■ Data section ■
· · ·

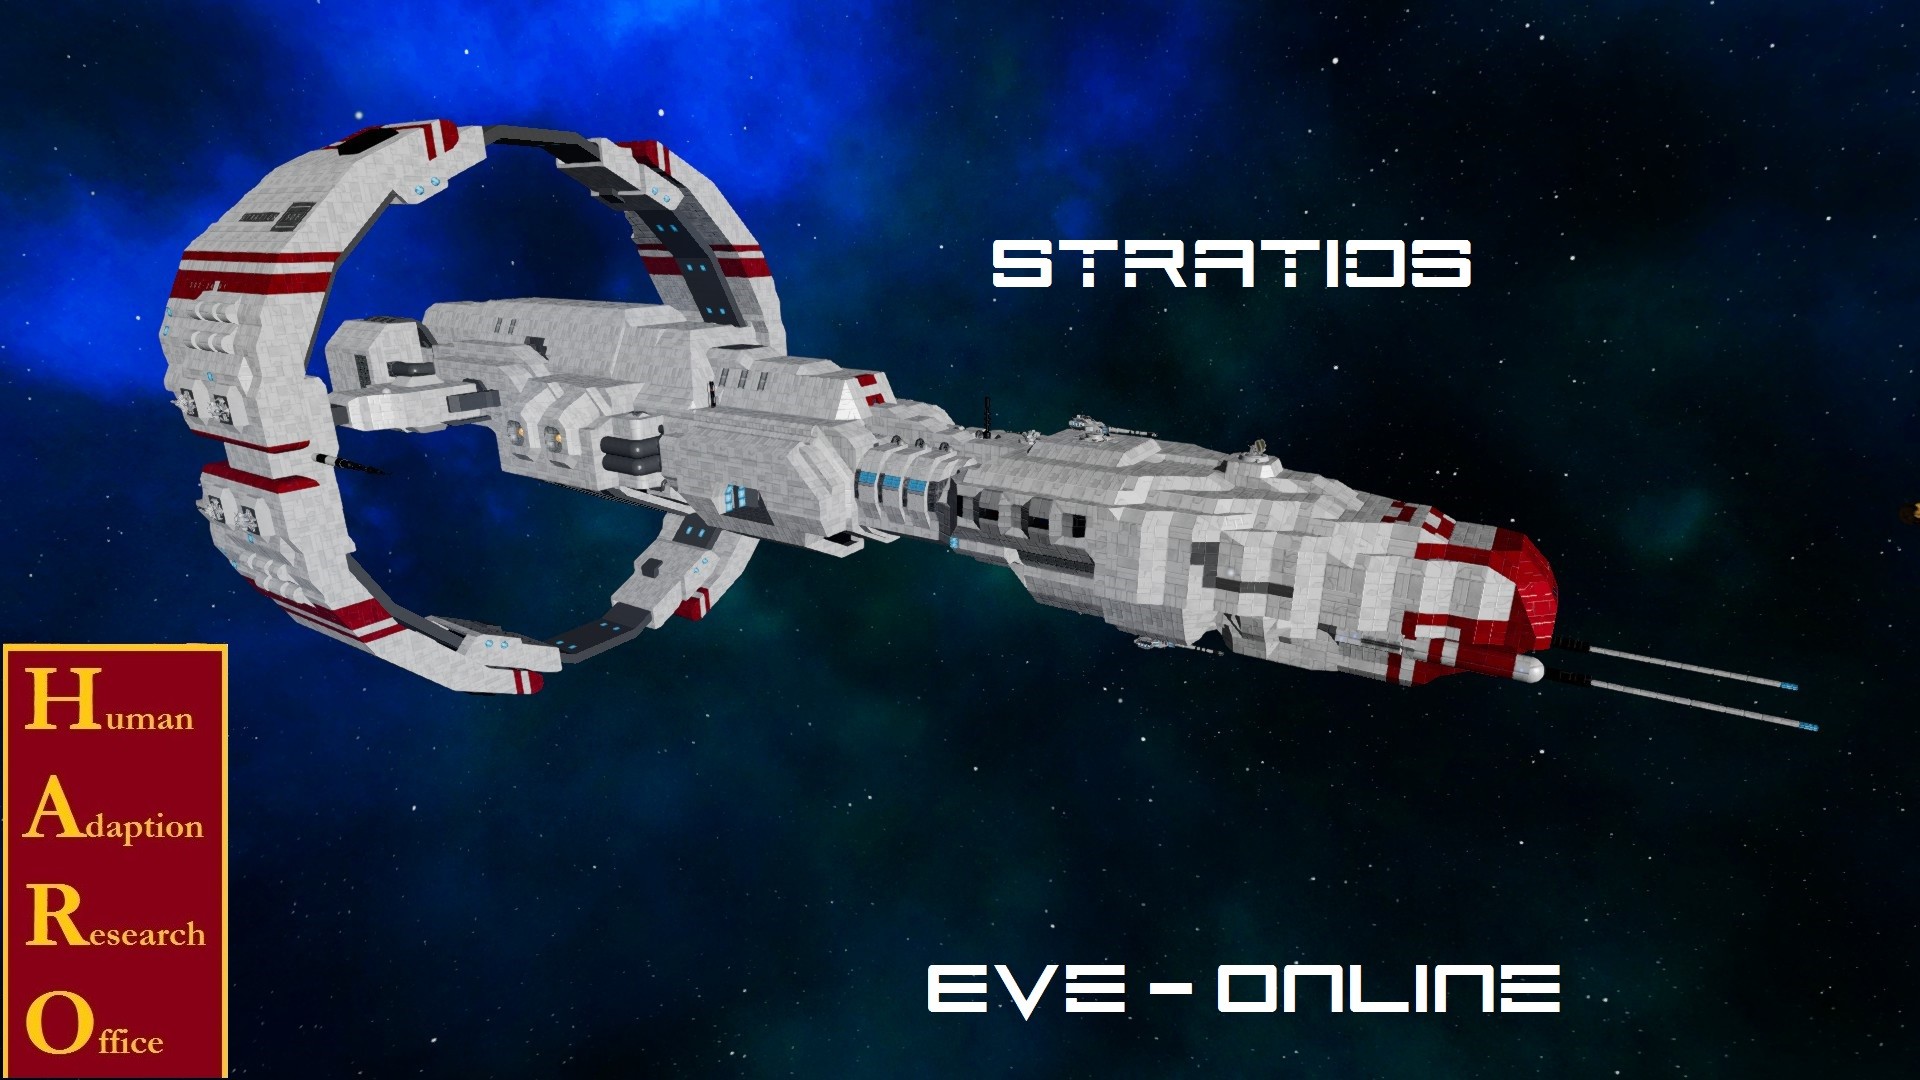 Eve Online Stratios
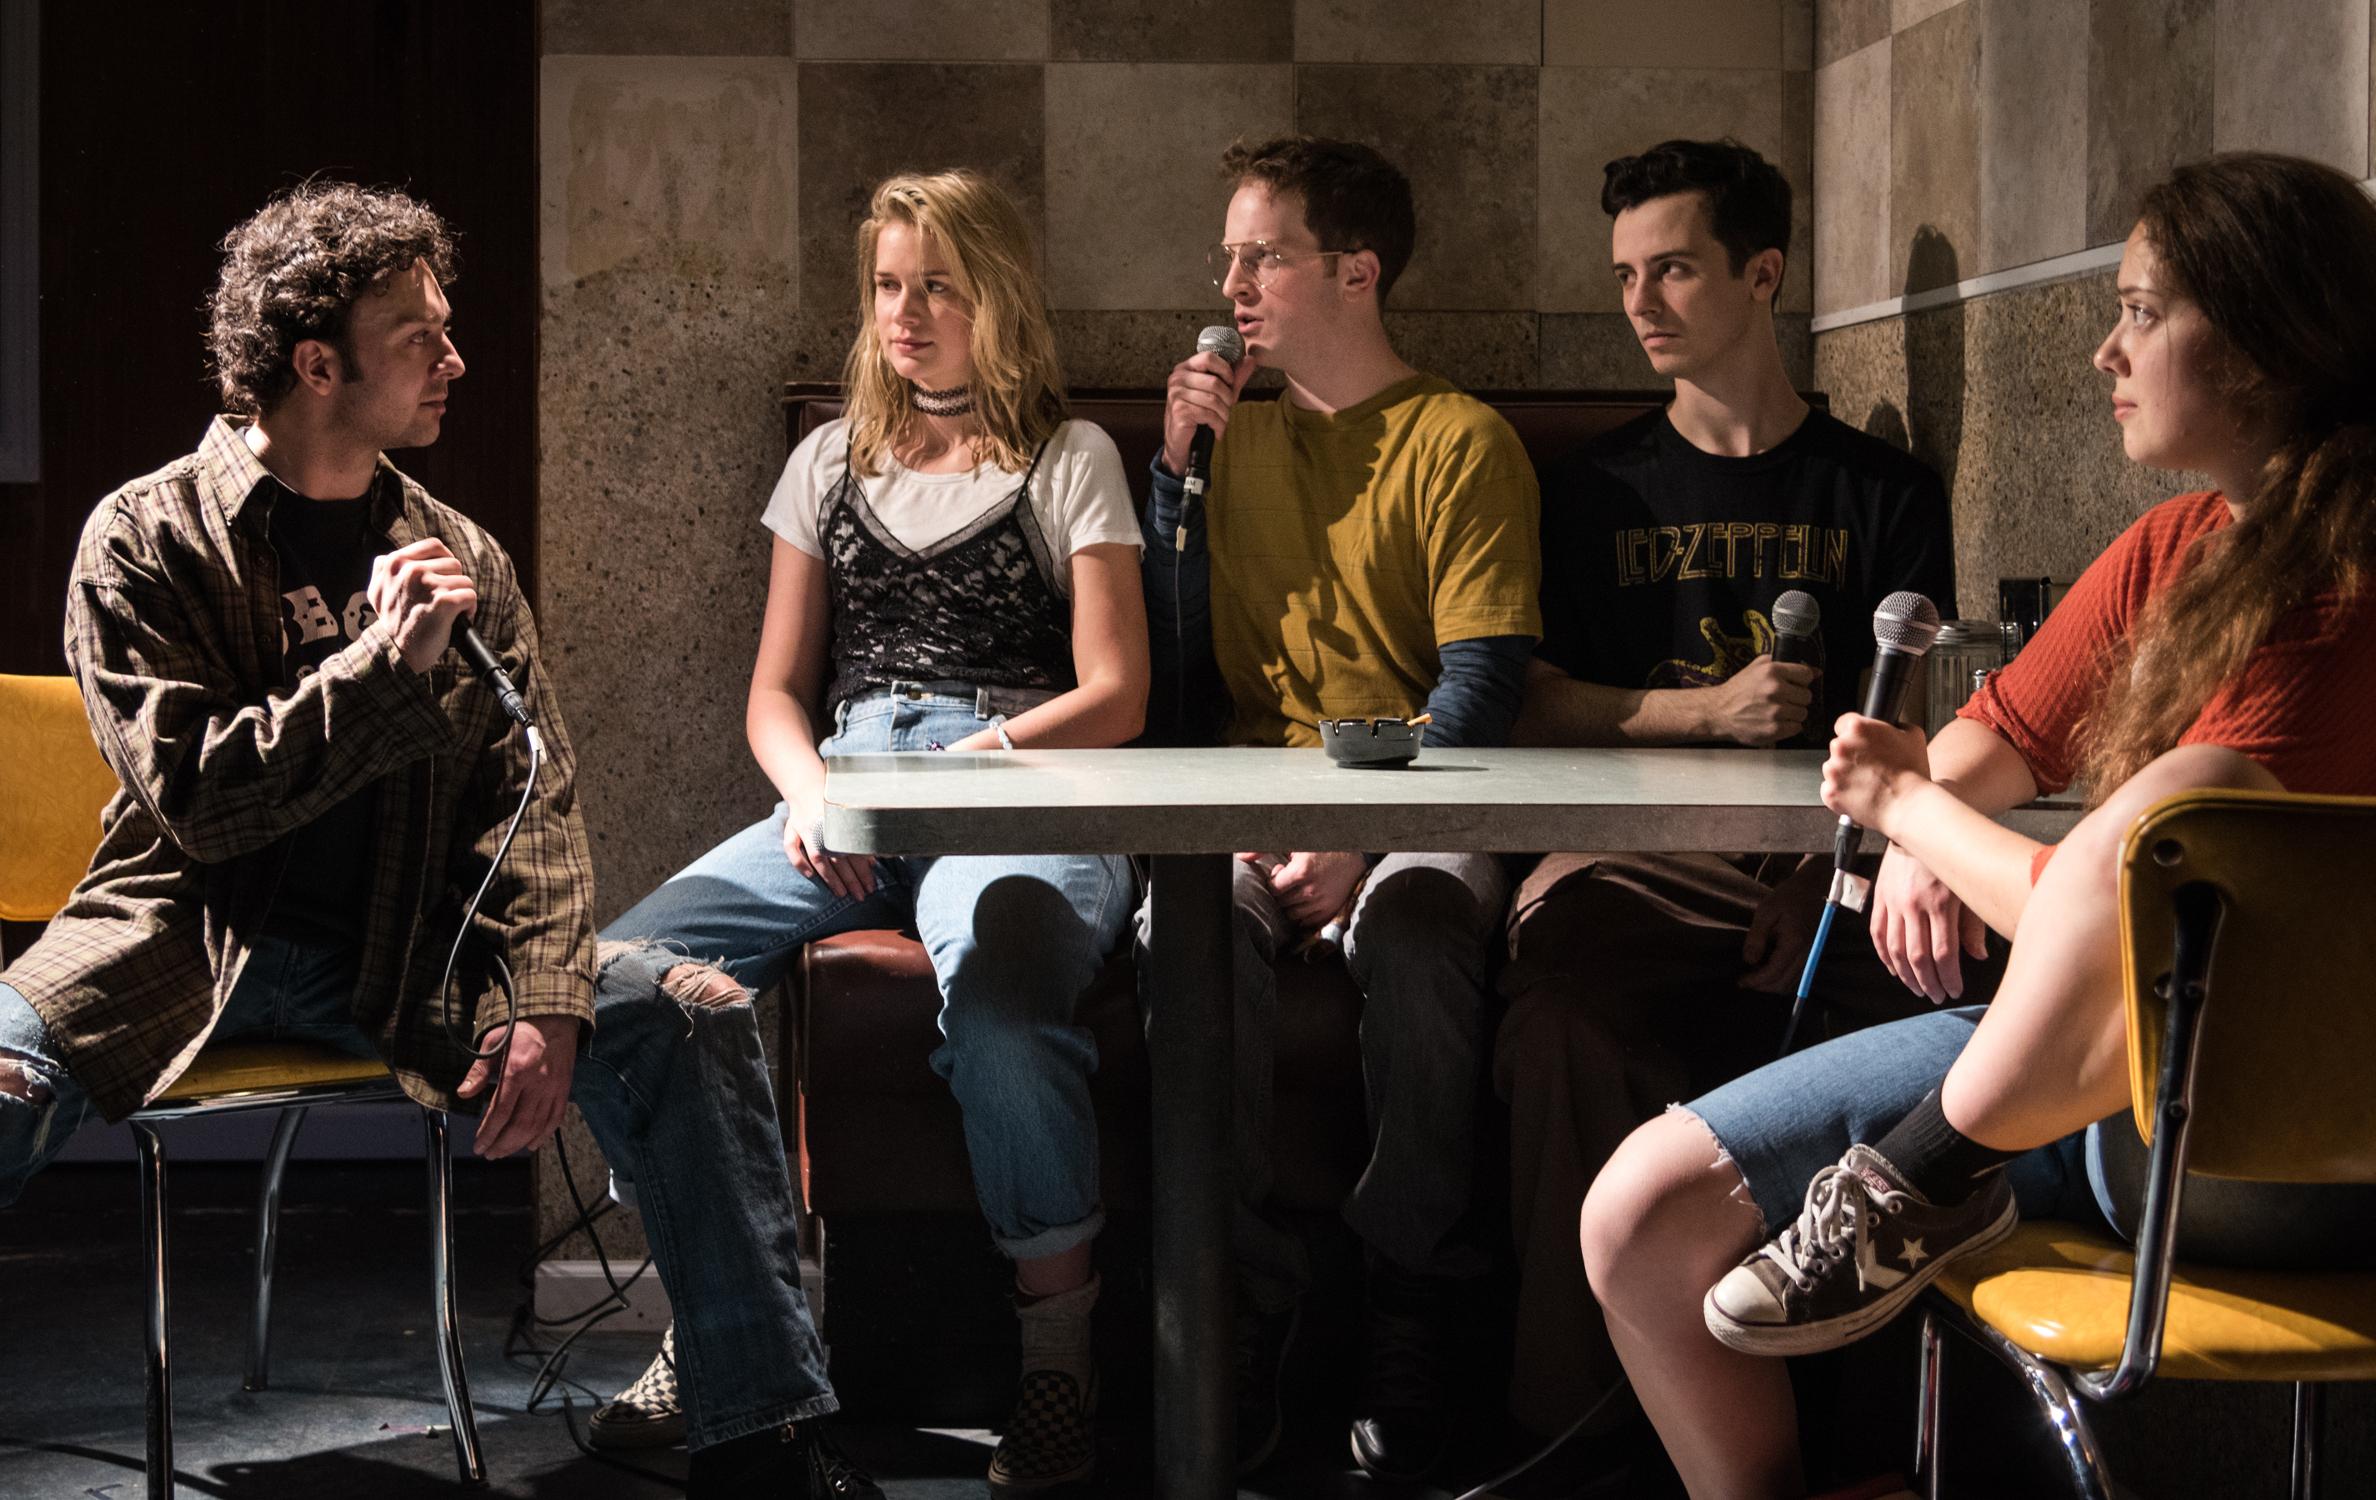 James Kautz as Adam, Elizabeth Lail as Hayley, Spencer Davis Milford as Matt, Sean Patrick Monahan as Pete, Rachel Franco as Tara.Photo credit: Russ Rowland.
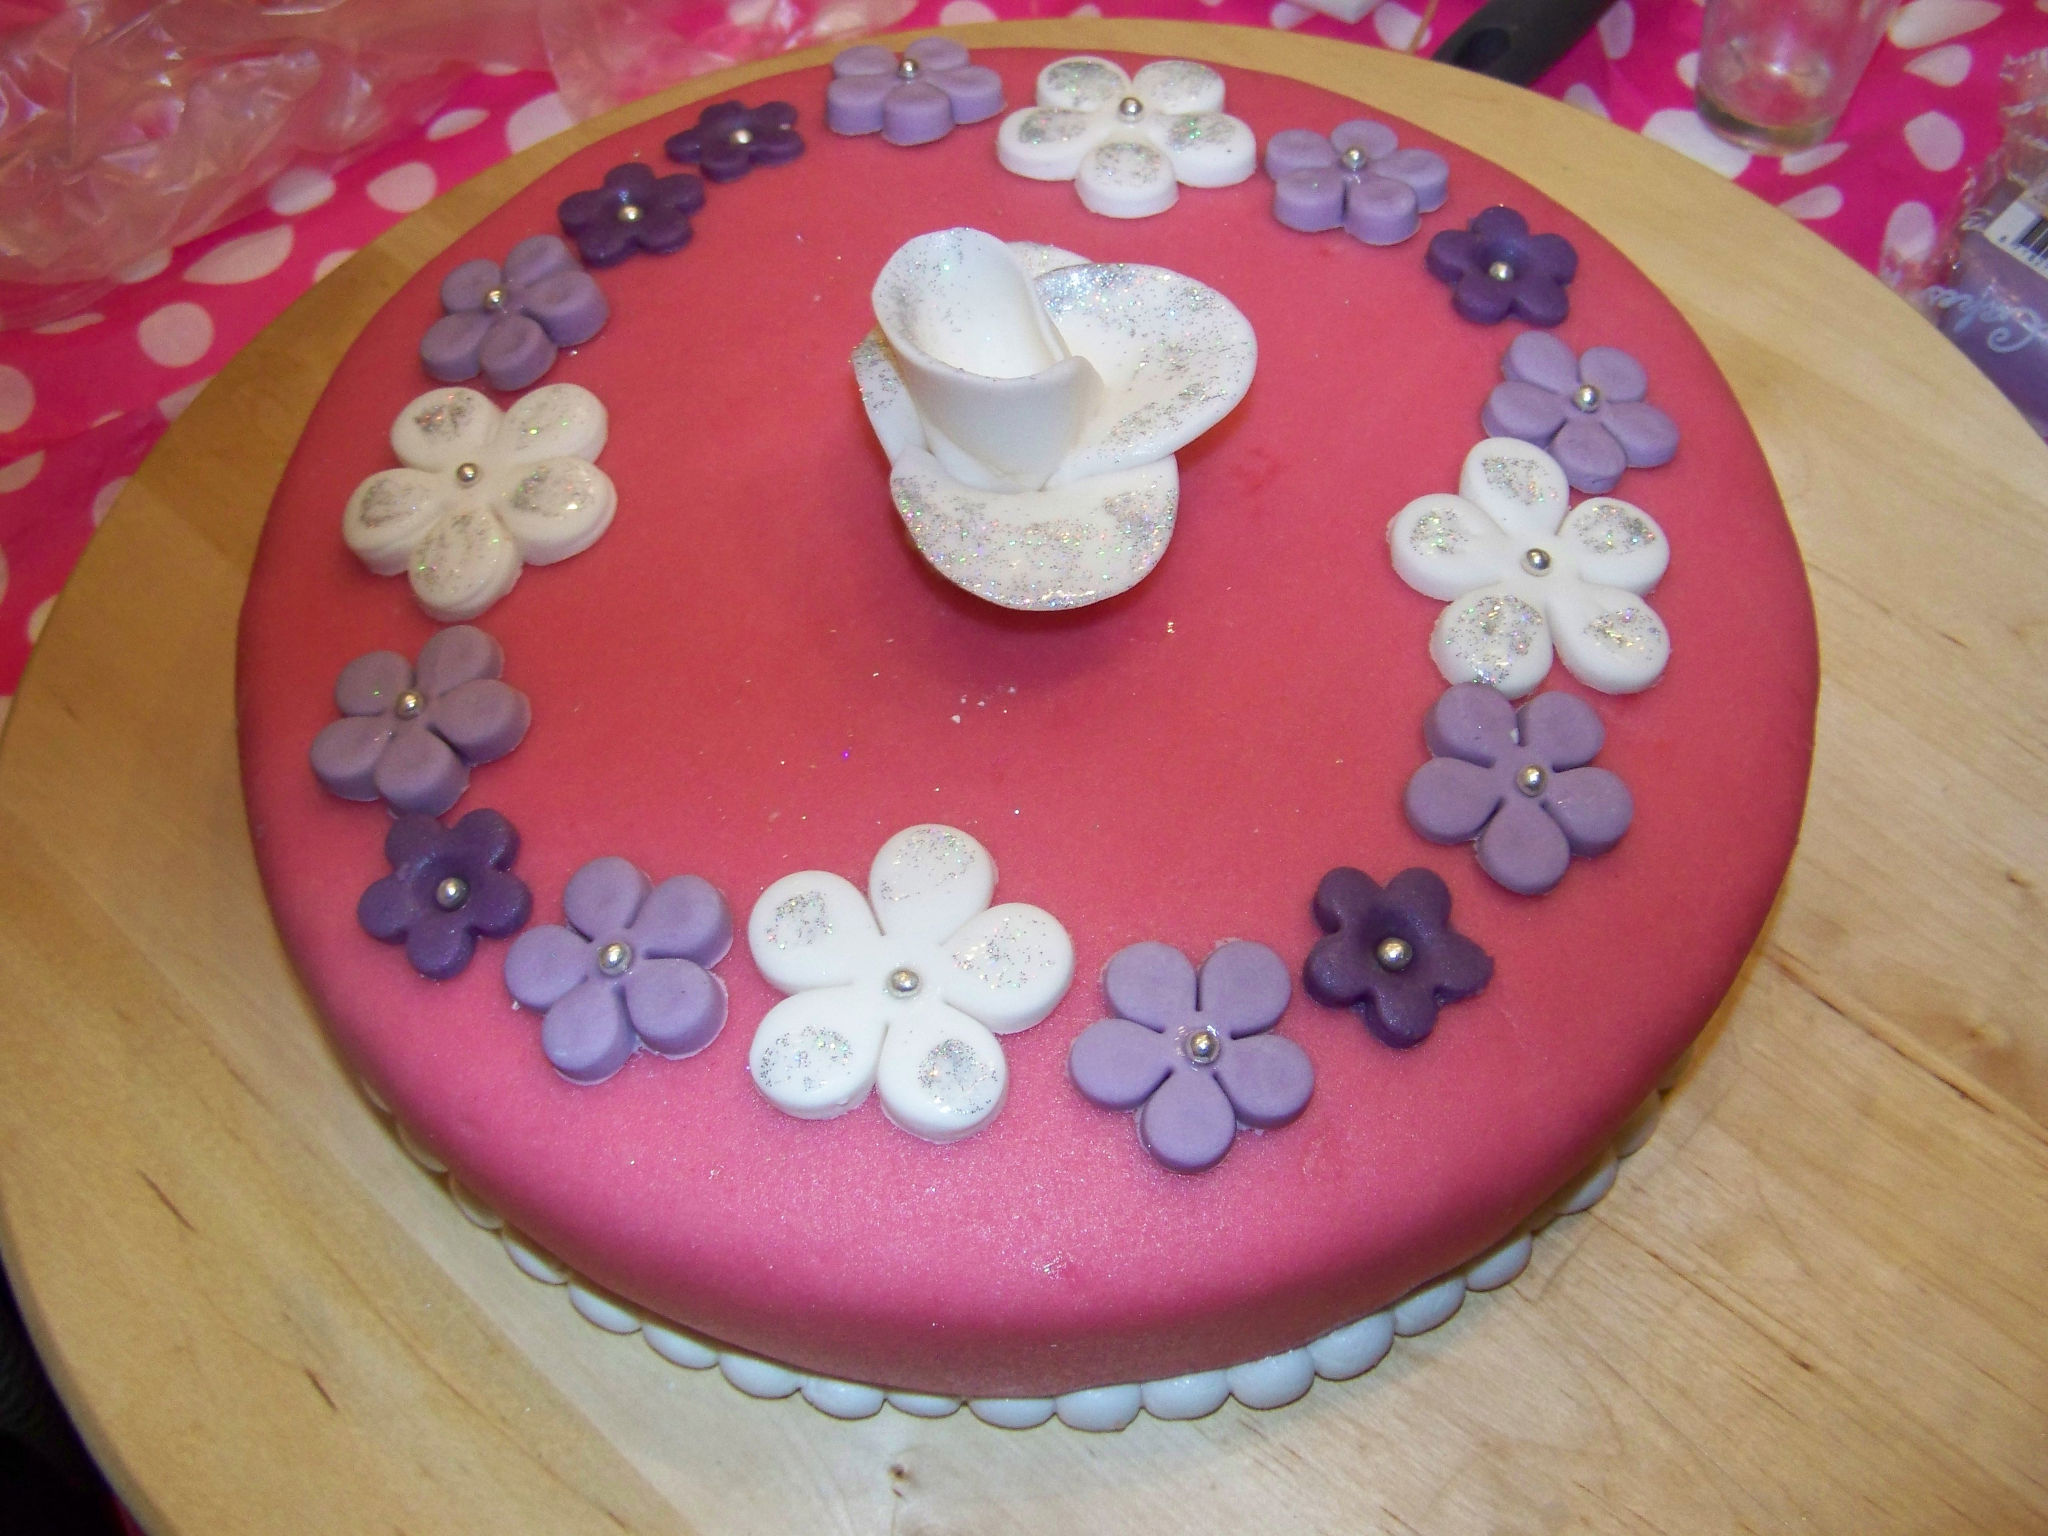 cake versieren met cake ideas and designs. Black Bedroom Furniture Sets. Home Design Ideas

· · ·

■ Task statement ■
Without any pictures, print the whole listing again exactly as it stands.

■ Task solution ■
 Eve Online Stratios
 James Kautz as Adam, Elizabeth Lail as Hayley, Spencer Davis Milford as Matt, Sean Patrick Monahan as Pete, Rachel Franco as Tara.Photo credit: Russ Rowland.
 cake versieren met cake ideas and designs. Black Bedroom Furniture Sets. Home Design Ideas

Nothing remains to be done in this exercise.